§ YOUR GOAL:
Everything from the "Artwork for 396" line to the final line of the listing should be written out exactly. Skip the pictures.

(DATA SHOWN)

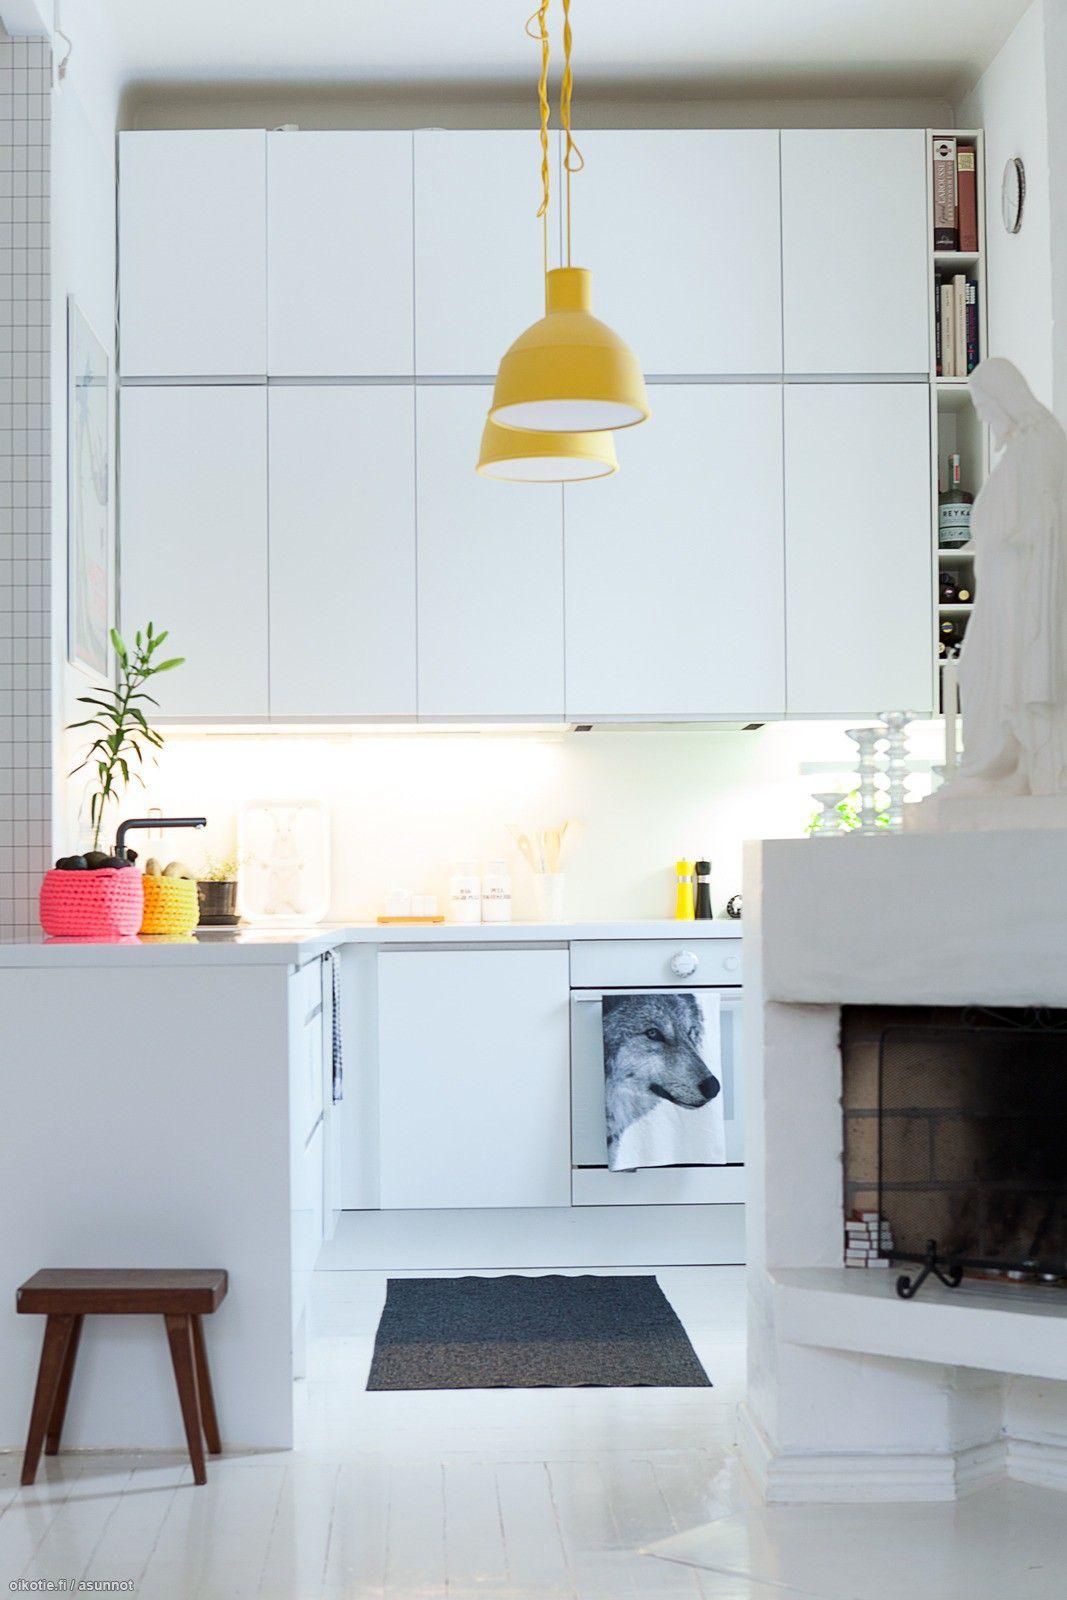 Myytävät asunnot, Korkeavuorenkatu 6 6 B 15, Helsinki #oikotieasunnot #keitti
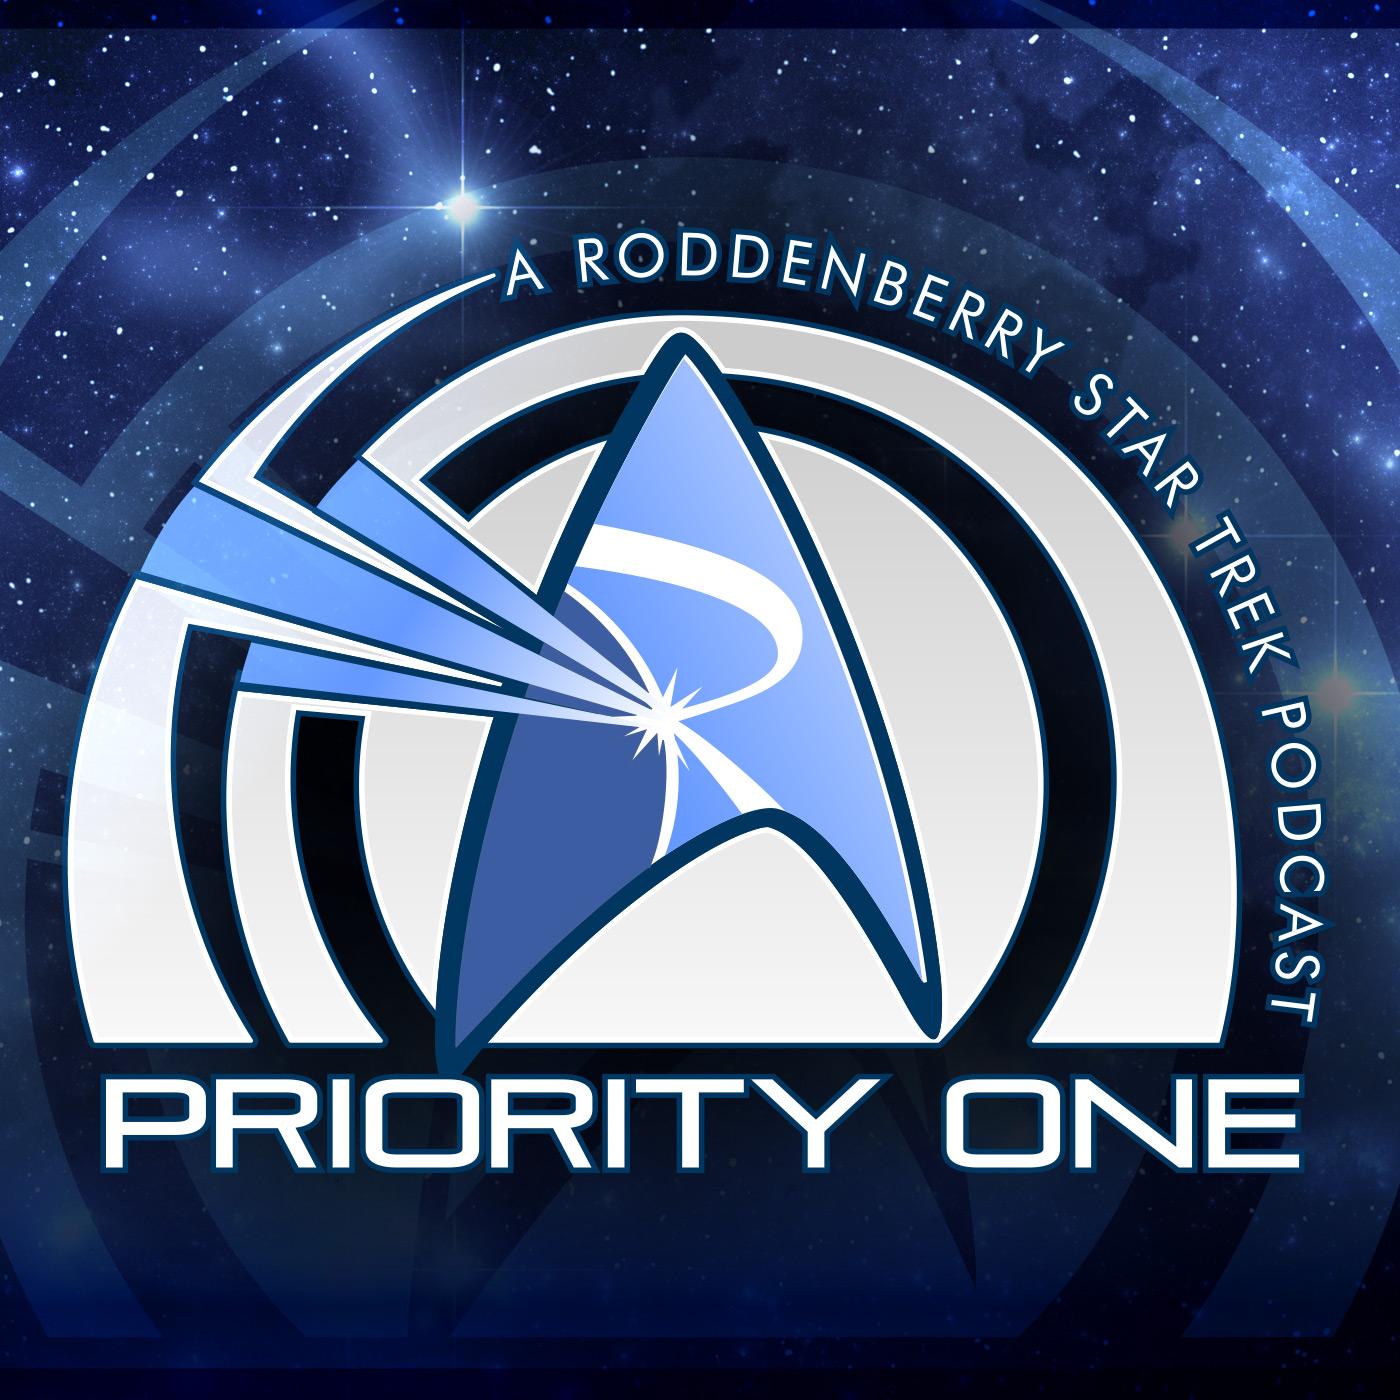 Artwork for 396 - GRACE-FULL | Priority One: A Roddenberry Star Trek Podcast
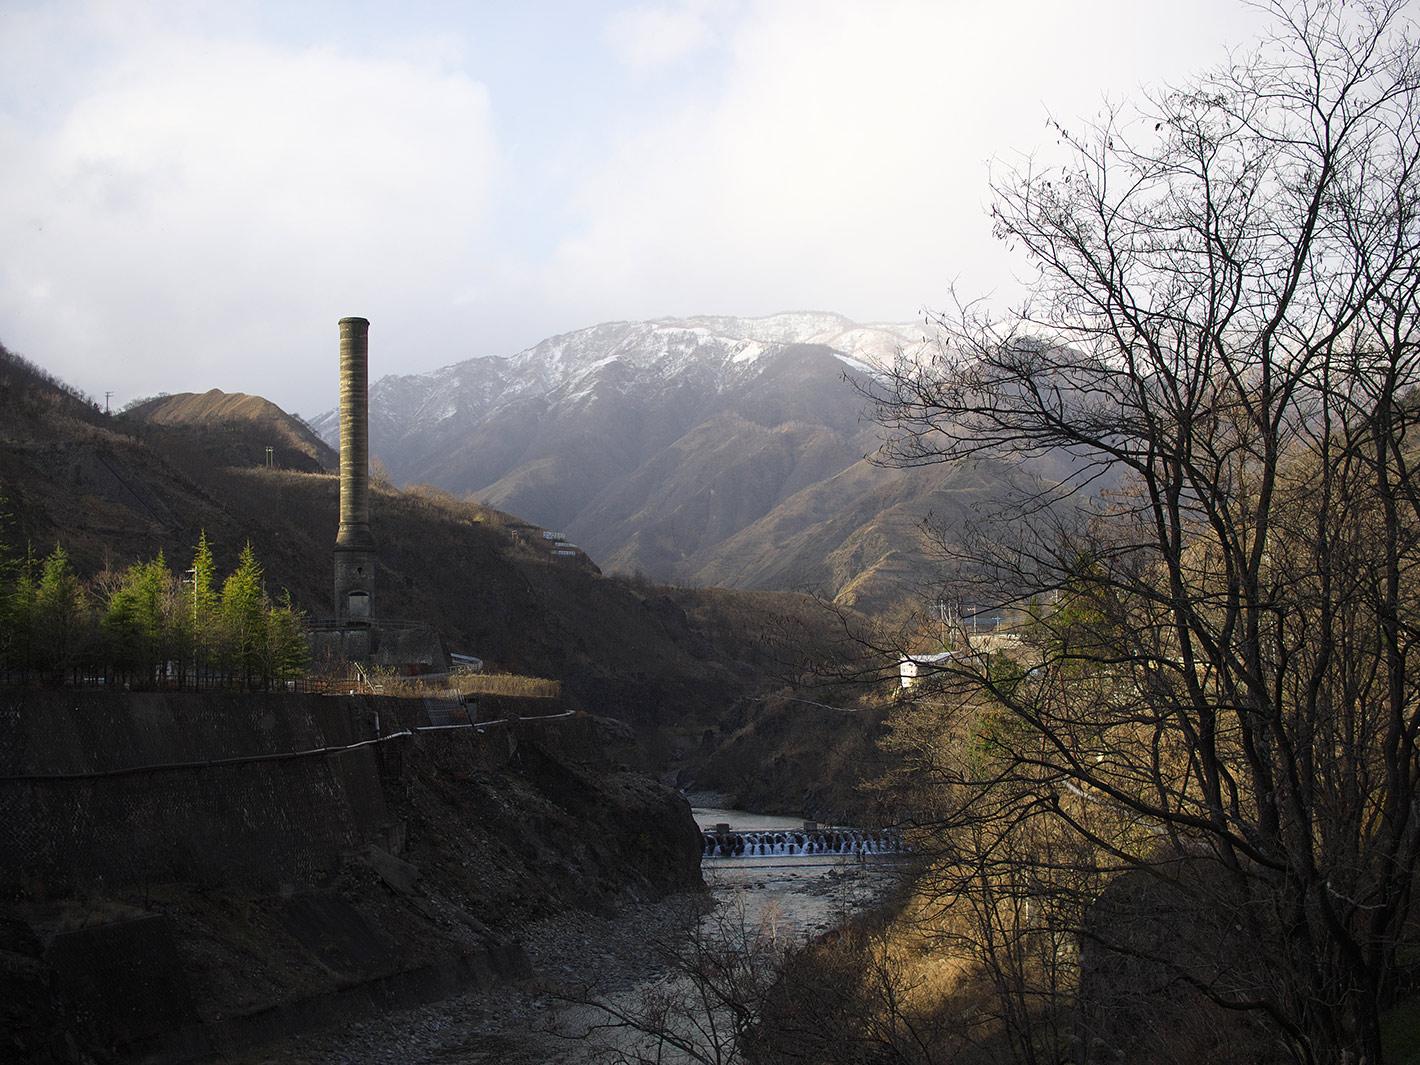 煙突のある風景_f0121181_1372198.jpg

(End DATA SHOWN)

§ SOLUTION TO THIS PROBLEM:
 Artwork for 396 - GRACE-FULL | Priority One: A Roddenberry Star Trek Podcast
 煙突のある風景_f0121181_1372198.jpg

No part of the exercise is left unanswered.